• **Brief**
Look below for the line with "Une plaque Cirencester"; begin the copy there and stop after the line with "ТОП | Центр", keeping the text exact and the pictures out.

• **Data extracts**
Segment Open

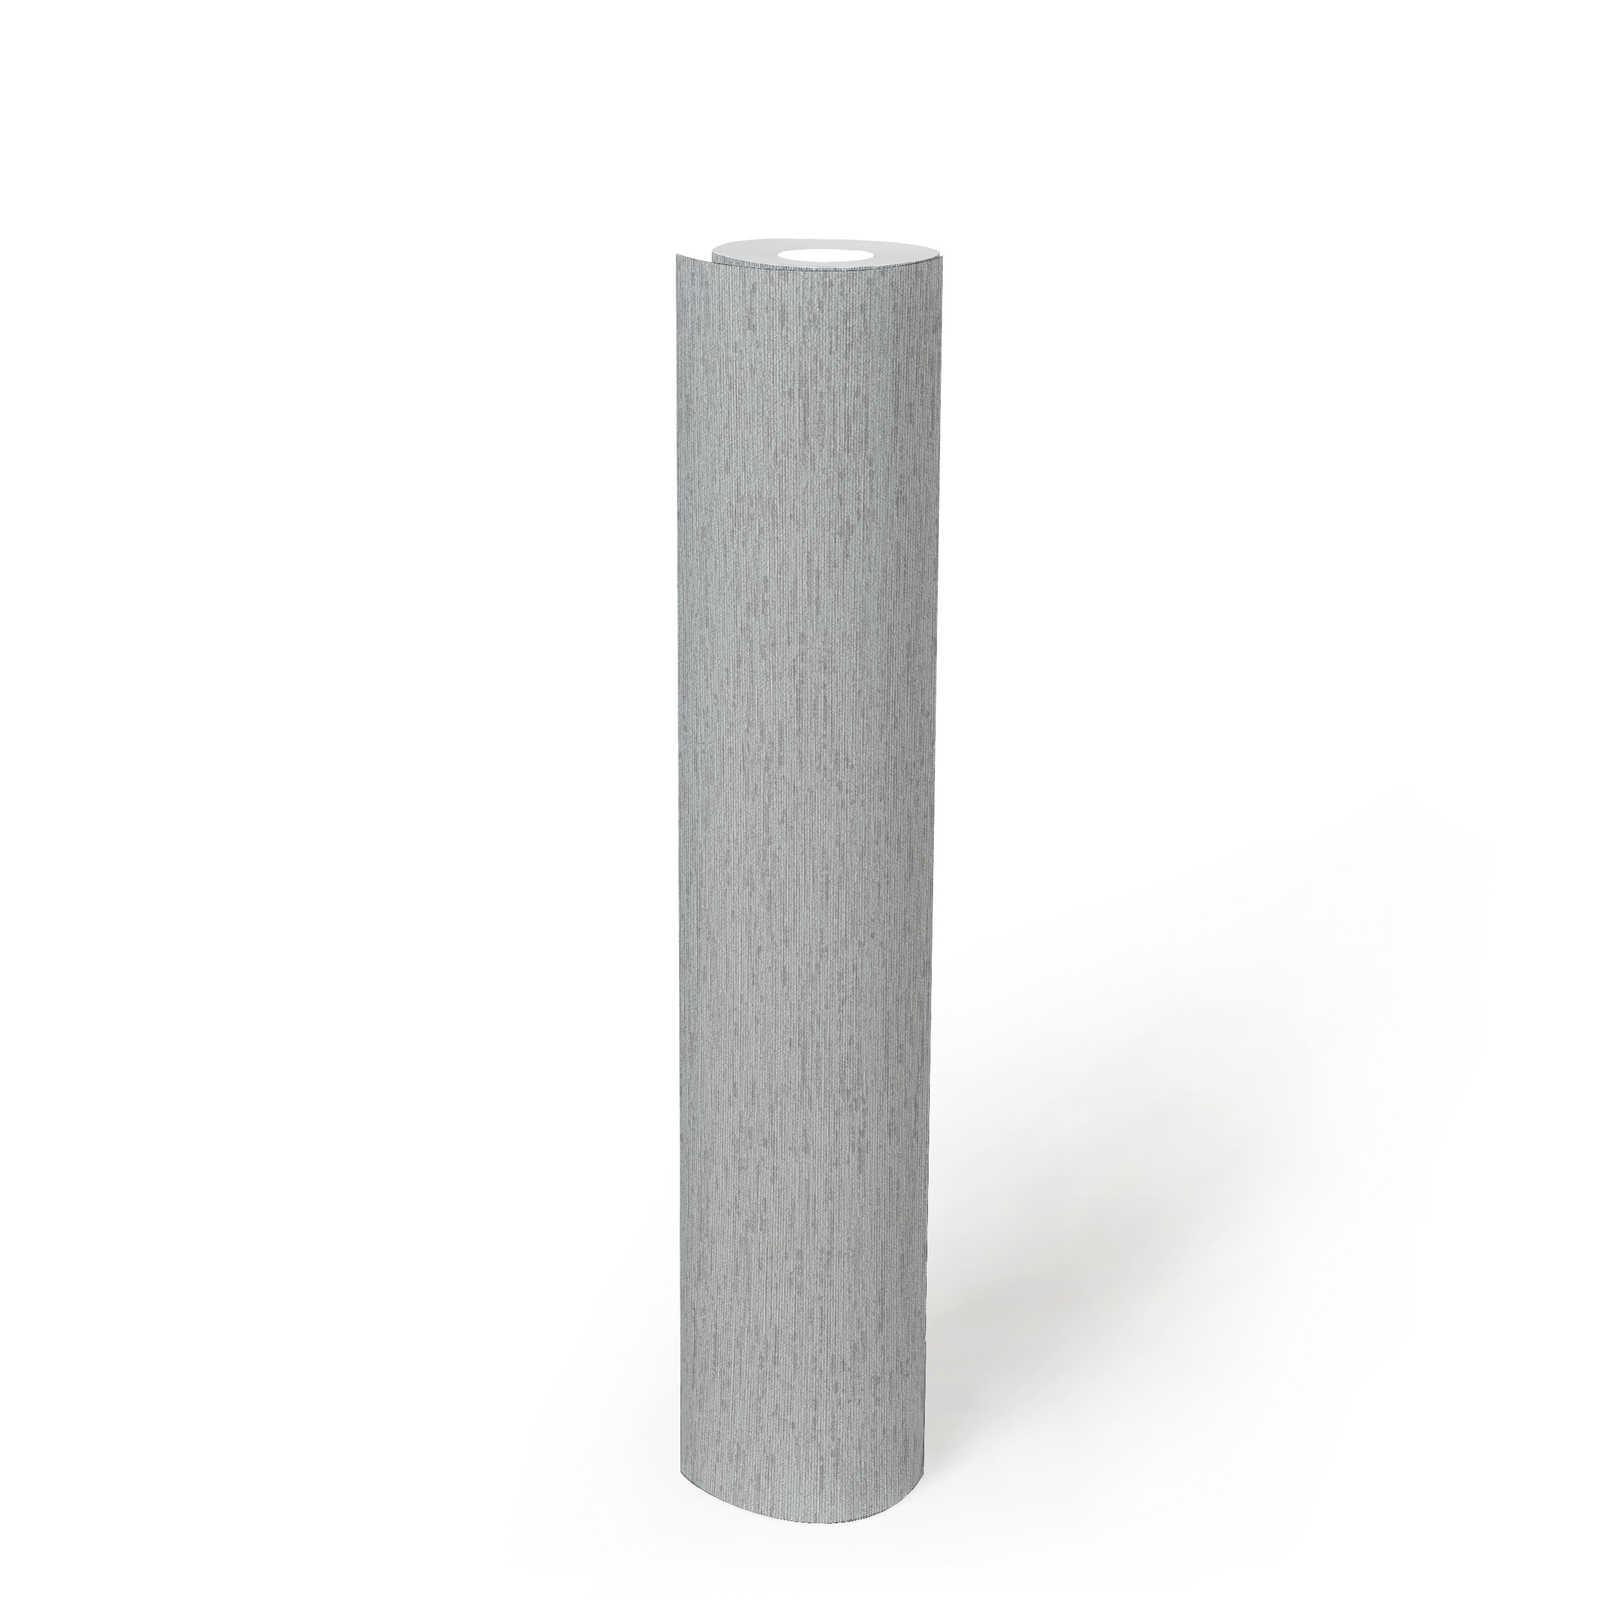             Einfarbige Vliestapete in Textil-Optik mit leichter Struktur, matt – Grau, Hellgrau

Segment Closed
Segment Open

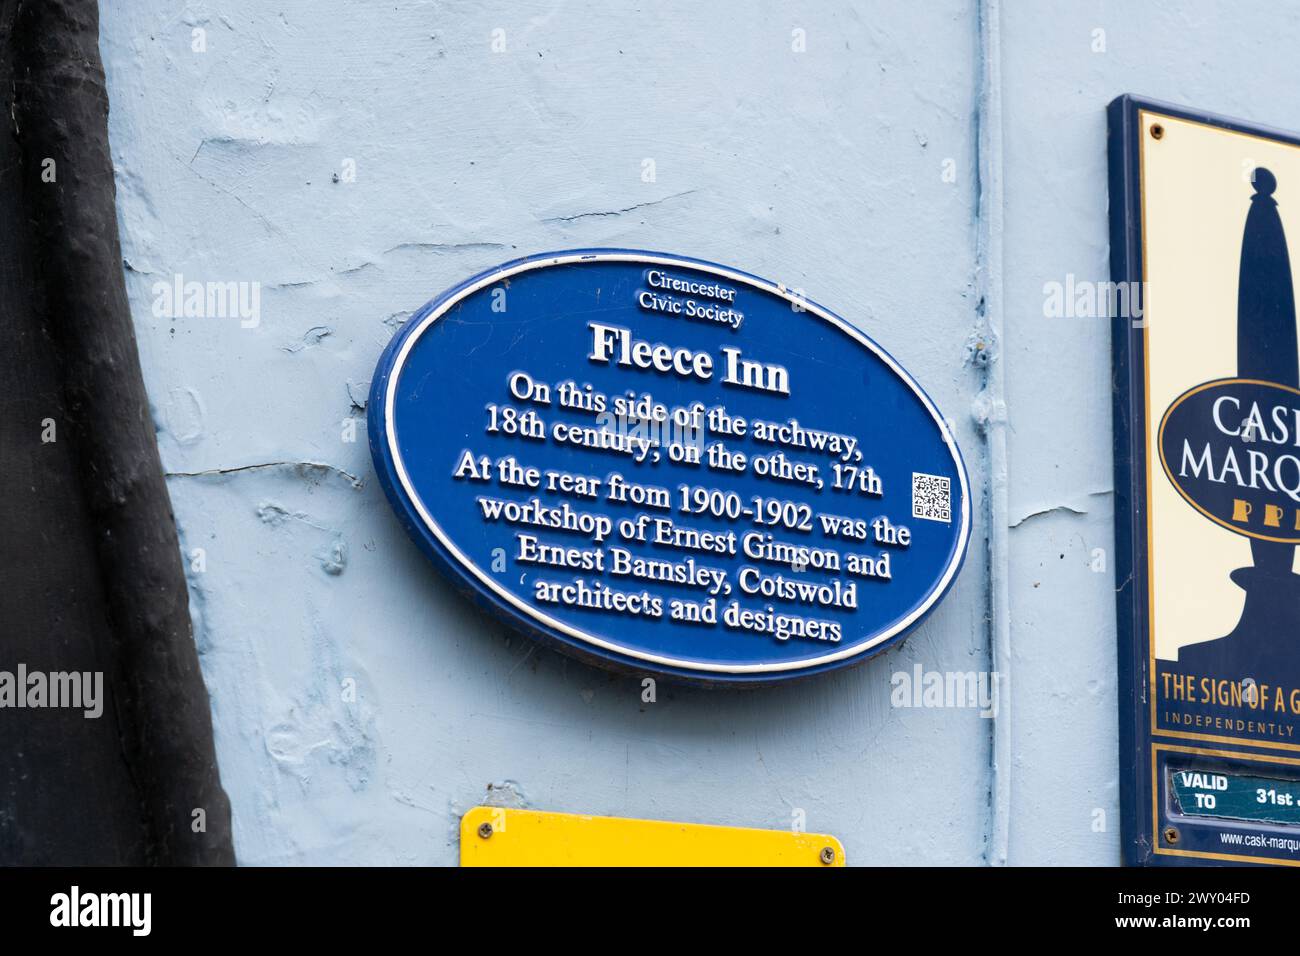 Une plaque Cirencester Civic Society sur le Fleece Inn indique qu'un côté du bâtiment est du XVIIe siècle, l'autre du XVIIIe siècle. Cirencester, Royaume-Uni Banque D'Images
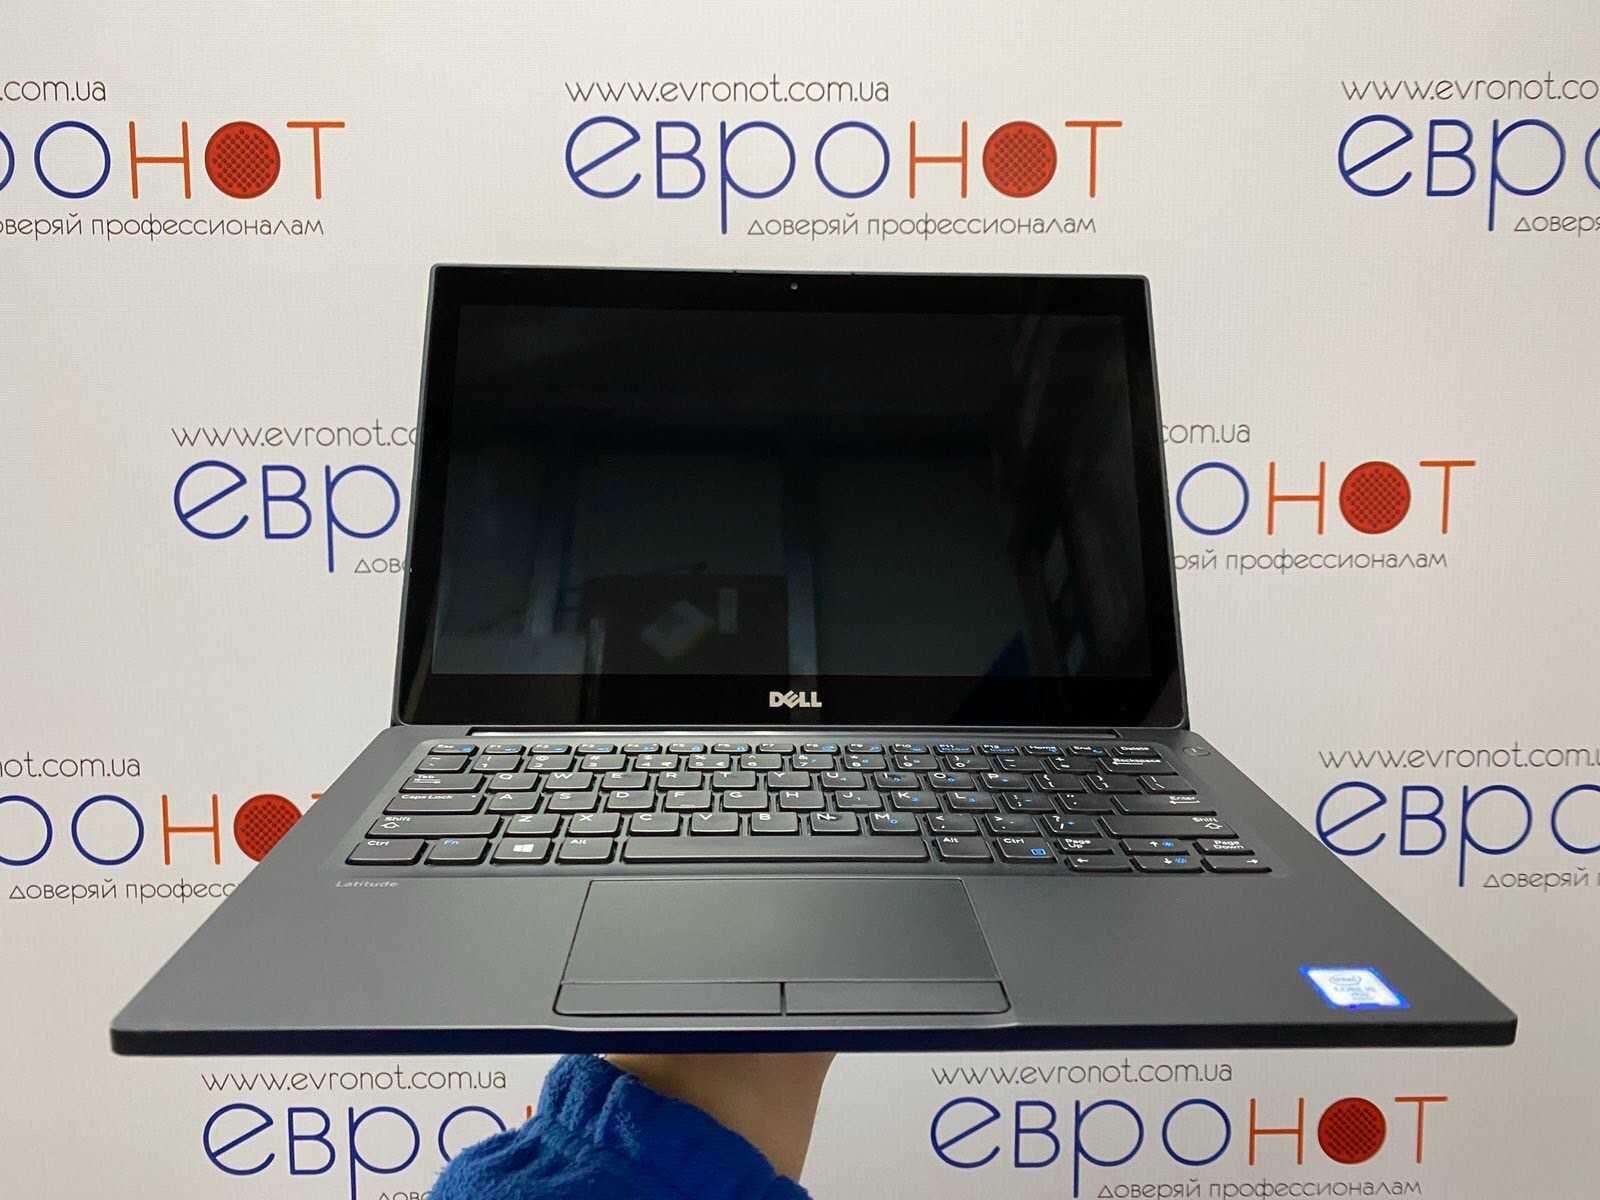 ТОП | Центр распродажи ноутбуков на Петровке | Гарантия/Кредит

Segment Closed

• **Problem solution**
 Une plaque Cirencester Civic Society sur le Fleece Inn indique qu'un côté du bâtiment est du XVIIe siècle, l'autre du XVIIIe siècle. Cirencester, Royaume-Uni Banque D'Images
 ТОП | Центр распродажи ноутбуков на Петровке | Гарантия/Кредит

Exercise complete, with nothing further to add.